The multi-target tracking method firstly utilizes a cross-correlation (cross-correlation) module to decouple the shared features of the detection module 5 and the ReID module 6 into two independent feature branches so as to independently learn respective feature representations 4, as shown in FIG. 2. These two module independent features then represent 4 self-correlation (self-correlation) and cross-correlation (cross-correlation) using the self-attention mechanism. Self-correlation (self-correlation) facilitates learning of independent modules, and cross-correlation (cross-correlation) facilitates learning of both in synergy. For this reason, the cross-correlation module 3(cross-correlation) alleviates the contention and granularity problem of the two modules.

(3) The existing multi-target tracking method directly supervises the learning of the ReID module 6 in a classification mode, and reduces the network learning efficiency.

The classification means to classify the sample into a certain category of information, and the sample is described by a predetermined category or example. Since the class or instance is determined in advance, the total number of classes or instances for all samples in the dataset is known explicitly. For a practically usable multi-target tracking data set, the number of categories or instances may vary from several tens of thousands to several hundreds of thousands, and as the image data increases, the number of categories or instances also increases. For a network, the greater the number of classes or instances, the more difficult it is to learn, or even impossible to learn.

The multi-target tracking method provided by the invention uses a contrast learning mode as a supervision signal of the ReID module 6, does not need to count the classification category or the number of instances, and improves the model learning efficiency. The core idea of contrast learning is to shorten the distance between the positive sample and to lengthen the distance between the positive sample and the negative sample, so as to directly learn the distribution state of the samples, rather than the category to which each sample belongs. The ultimate goal is that for the sample set data, it is possible to distinguish which are positive samples and which are negative samples after passing through the model.

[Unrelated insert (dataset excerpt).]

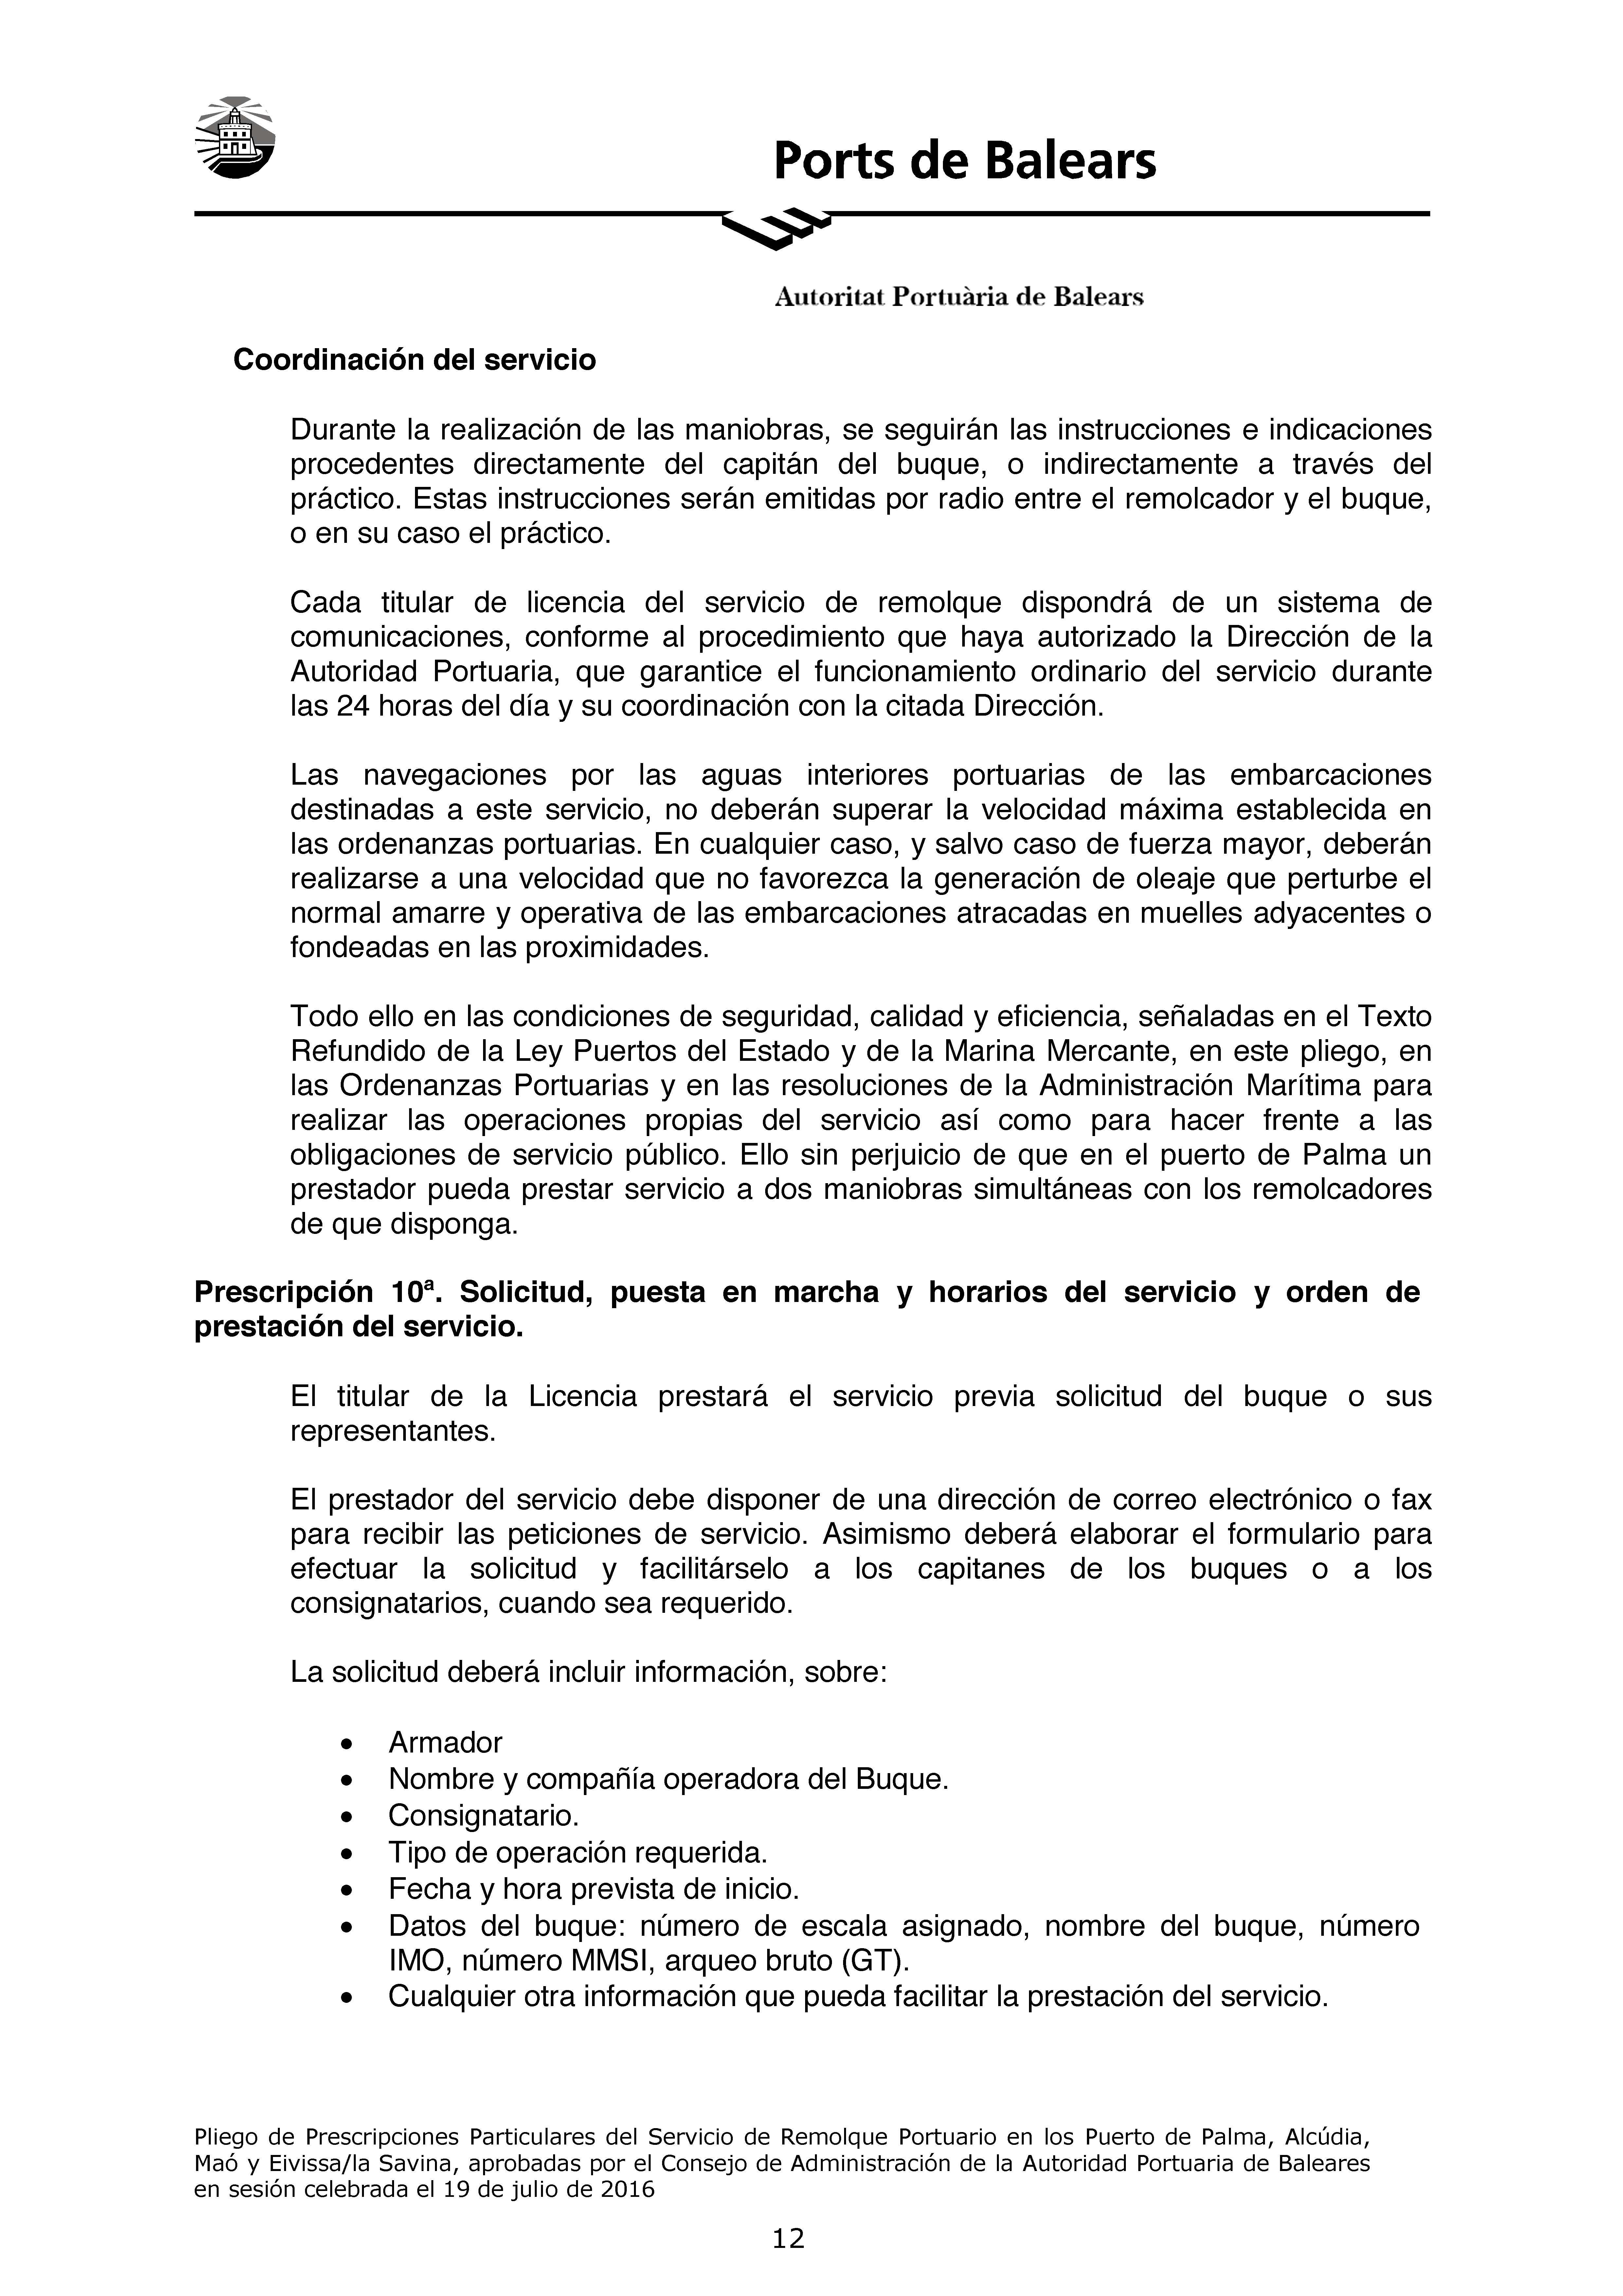 Documento | Ports de Balears
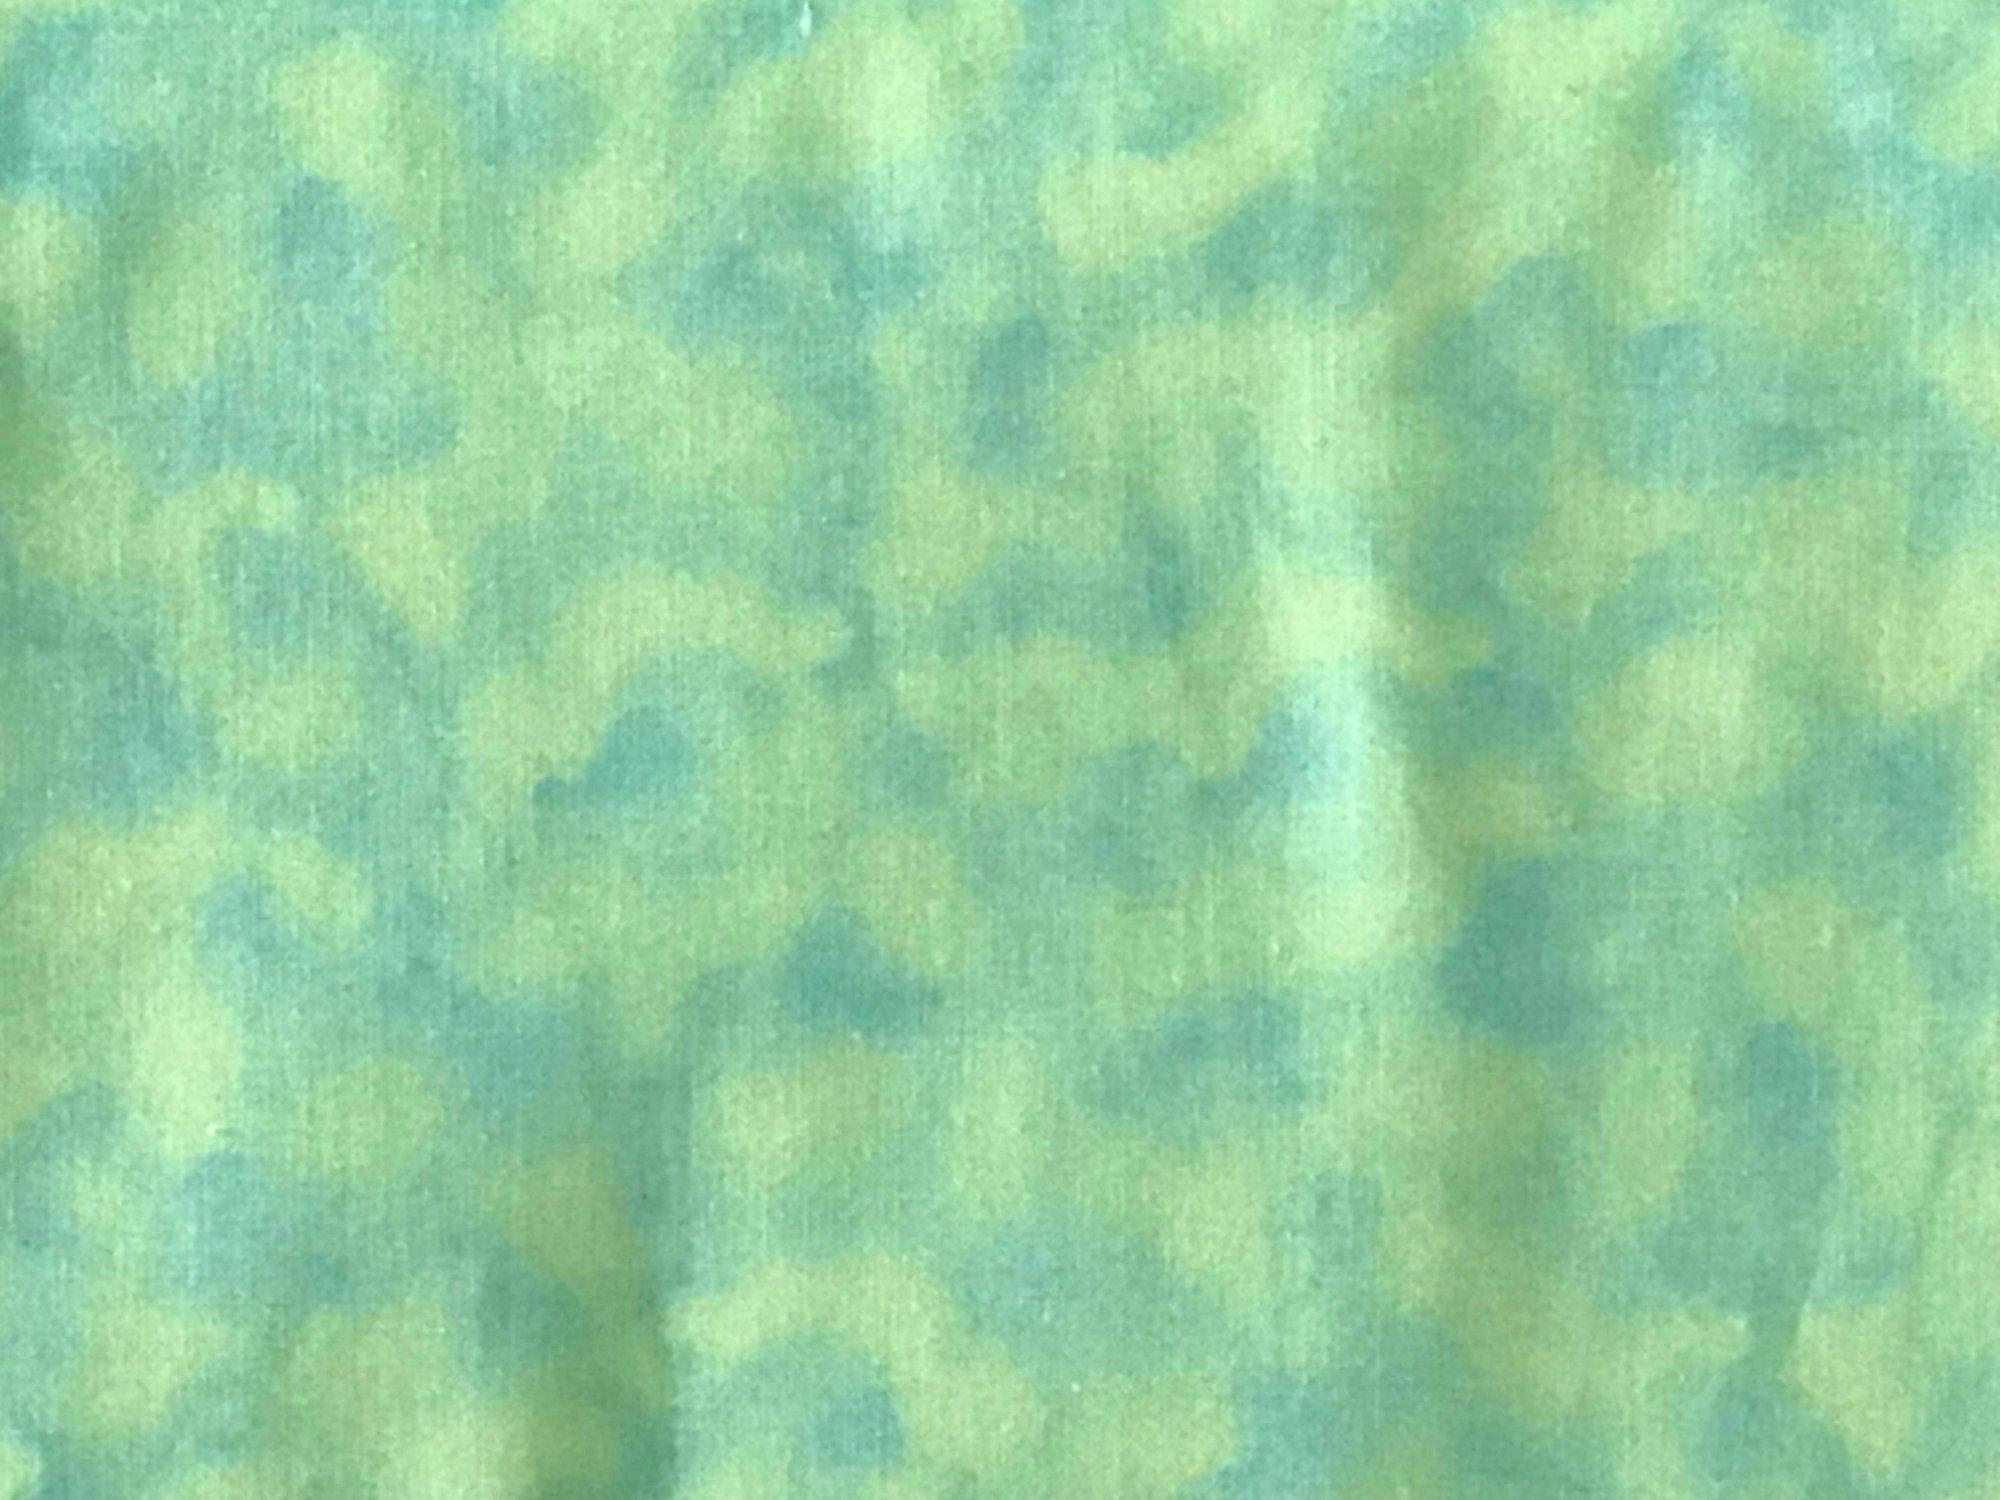 Girly-O-Saurus Blue/Green Blender

The structural schematic diagram of the multi-target tracking method based on the comparison learning mode is shown in fig. 3, and mainly comprises three major parts, namely a main structure 7, a neck structure 8 and a head structure 9, wherein arrows indicate the flowing direction of information. Wherein the backbone structure 7 (e.g. ResNet50) is used to extract the underlying features of the input image 1; the neck structure 8 (such as FPN) fuses the bottom layer structure features and the deep semantic features of the main structure 7 to obtain multi-scale feature information, and simultaneously outputs features of different scales as the shared features 2 of the head structure 9; the head structure 9 is designed for specific tasks and comprises a cross-correlation module 3, a detection module 5 and a ReID module 6; the cross-correlation module 3 receives the shared features 2 of different scales from the neck structure 8, and decouples them into two independent feature representations 4, which are input to the detection module 5 and the ReID module 6, respectively, to avoid the problems of their mutual competition and granularity.

As can be seen from fig. 3, the detection module 5 and the ReID module 6 receive the features from the cross-correlation module 3 in parallel, and only one forward inference is needed to obtain the re-identification features of the target location box and the location box framing area in the input image 1.

The detection module 5 is divided into two branches, one branch is a classification branch, and the category of the current positioning frame is determined; the other is a regression branch, which determines the location of the target, such as the coordinates of the top left and bottom right points of the box. The ReID module 6 obtains the re-identification characteristics of the framing area of the target positioning frame, and directly learns the characteristic distribution of the sample data by using the contrast learning idea. Then, a post-processing module such as a Deepsort algorithm can be applied to calculate and match the similarity measurement to complete the tracking of the two frames of images before and after. The key point of the invention is that the ReiD module 6 and the detection module 5 represent in parallel, the cross-correlation module 3 decouples the characteristics and the contrast learning idea learns the sample distribution, so the Deepsort algorithm is not explained in detail here.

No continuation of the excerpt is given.